Consecutive patients referred for colonoscopy in 14 centres were prospectively included between July and October 2014. Before colonoscopy, several clinical and demographic variables were collected. Main quality indicators (i.e. caecal intubation rate, (advanced) adenoma detection rate, rate of adequate cleansing and sedation) were collected. Data were analysed at per patient and per centre level (only for those with at least 100 cases). Factors associated with caecal intubation rate and adenoma detection rate were explored at multivariate analysis.

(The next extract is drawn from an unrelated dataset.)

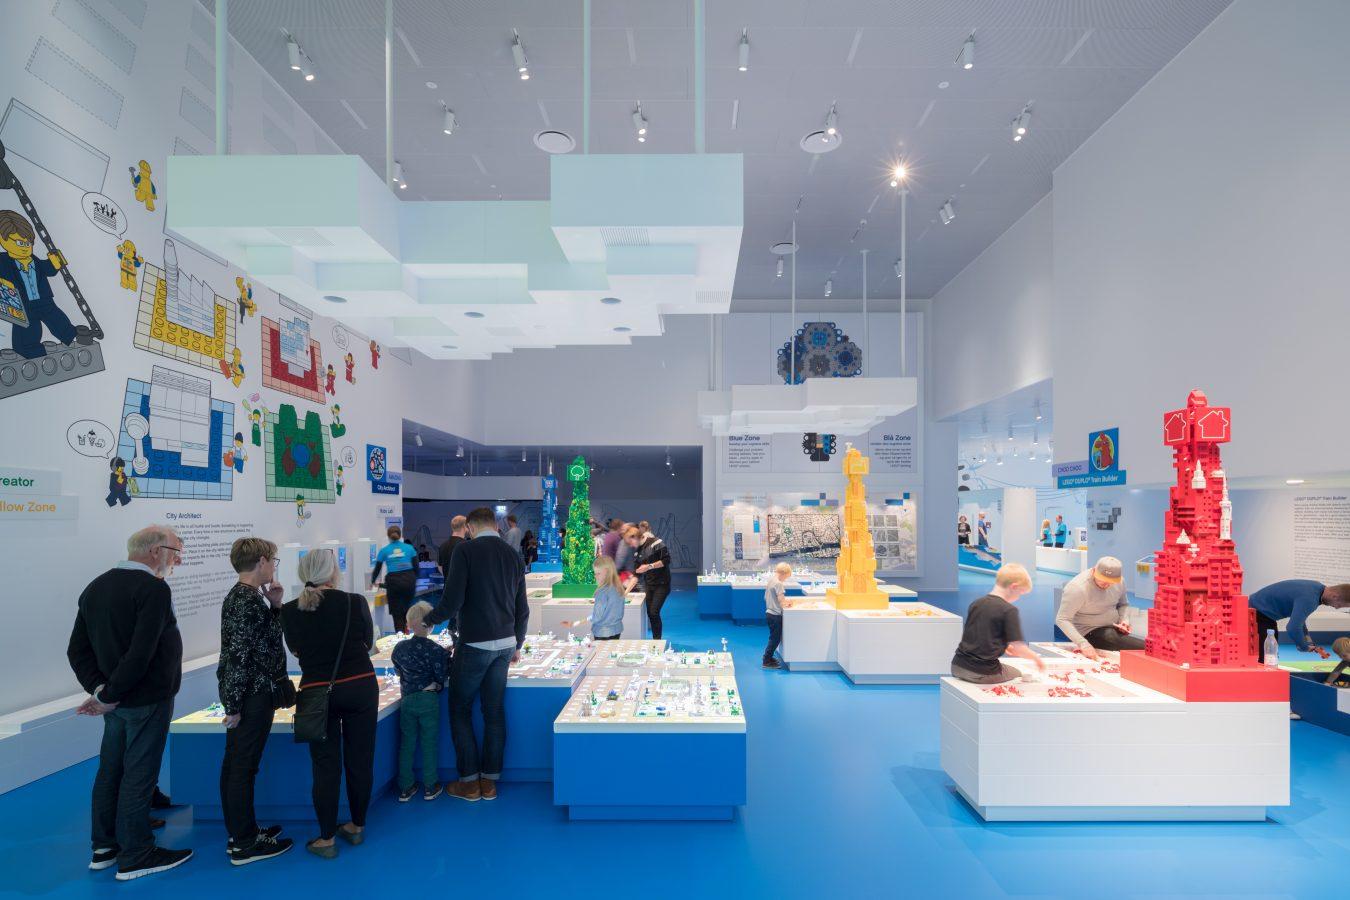 sala azul de lego house que aumenta las actividades cognitivas
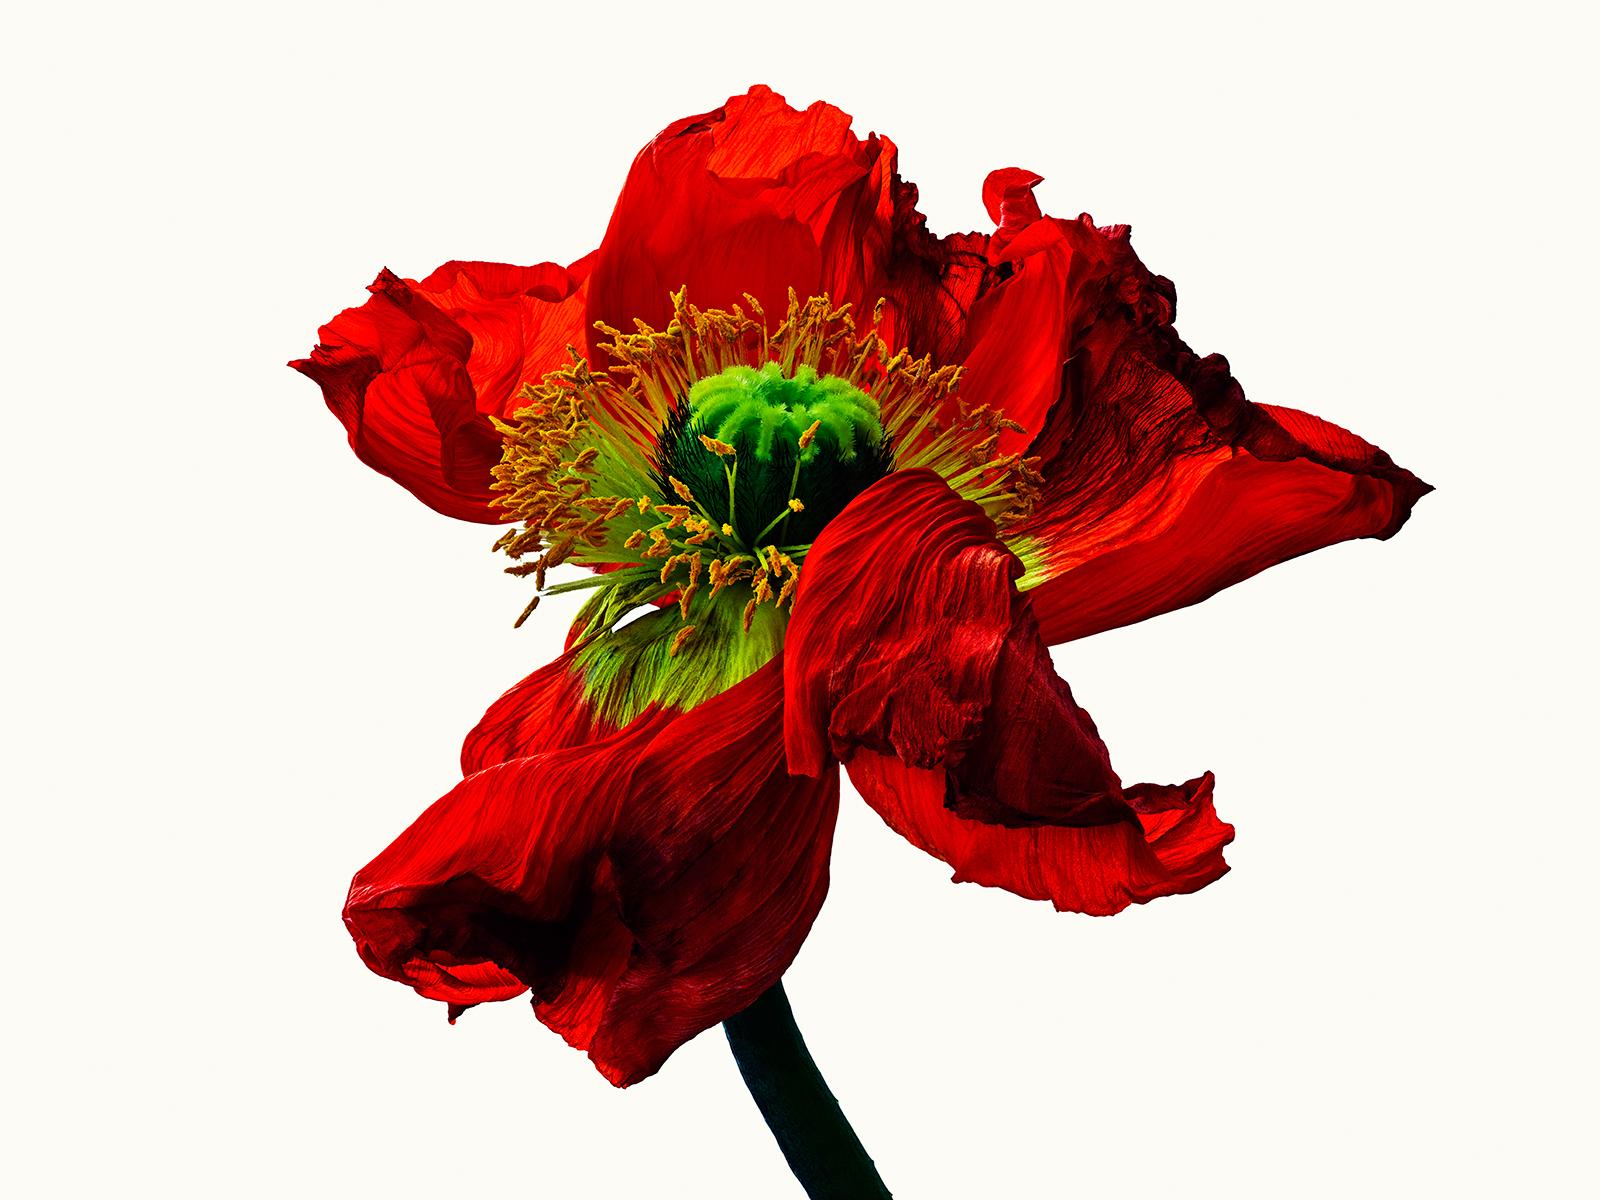 Poppy #2

A total of 8829 (males: 35%; mean age: 57+14 years) patients were included, with 11 centres enrolling at least 100 patients. Screening (including non-alarm symptoms) accounted for 59% (5188/8829) of the indications. Sedation and split preparation were used in 26% (2294/8829) and 25% (2187/8829) of the patients. Caecal intubation was achieved in 7616 patients (86%), and it was ≥85% in 8/11 (73%) centres. Adenoma detection rate was 18% (1550/8829), and it was higher than 20% in five (45%) centres, whilst it was lower than 10% in four (33%) centres. At multivariate analysis, age (OR: 1.020, 95% CI: 1.015–1.024), male sex (OR: 1.2, 95% CI: 1.1–1.3), alarm symptoms (OR: 1.8, 95% CI: 1.7–2), split preparation (OR: 1.4, 95% CI: 1.2–1.6), caecal intubation rate (OR: 1.6, 95% CI: 1.3–1.9) and withdrawal time measurement (OR: 1.2, 95% CI: 1.6–2.1) were predictors of a higher adenoma detection rate, while adequate preparation (OR: 3.4: 95% CI: 2.9–3.9) and sedation (OR: 1.3; 95% CI: 1.1–1.6) were the strongest predictors of caecal intubation rate.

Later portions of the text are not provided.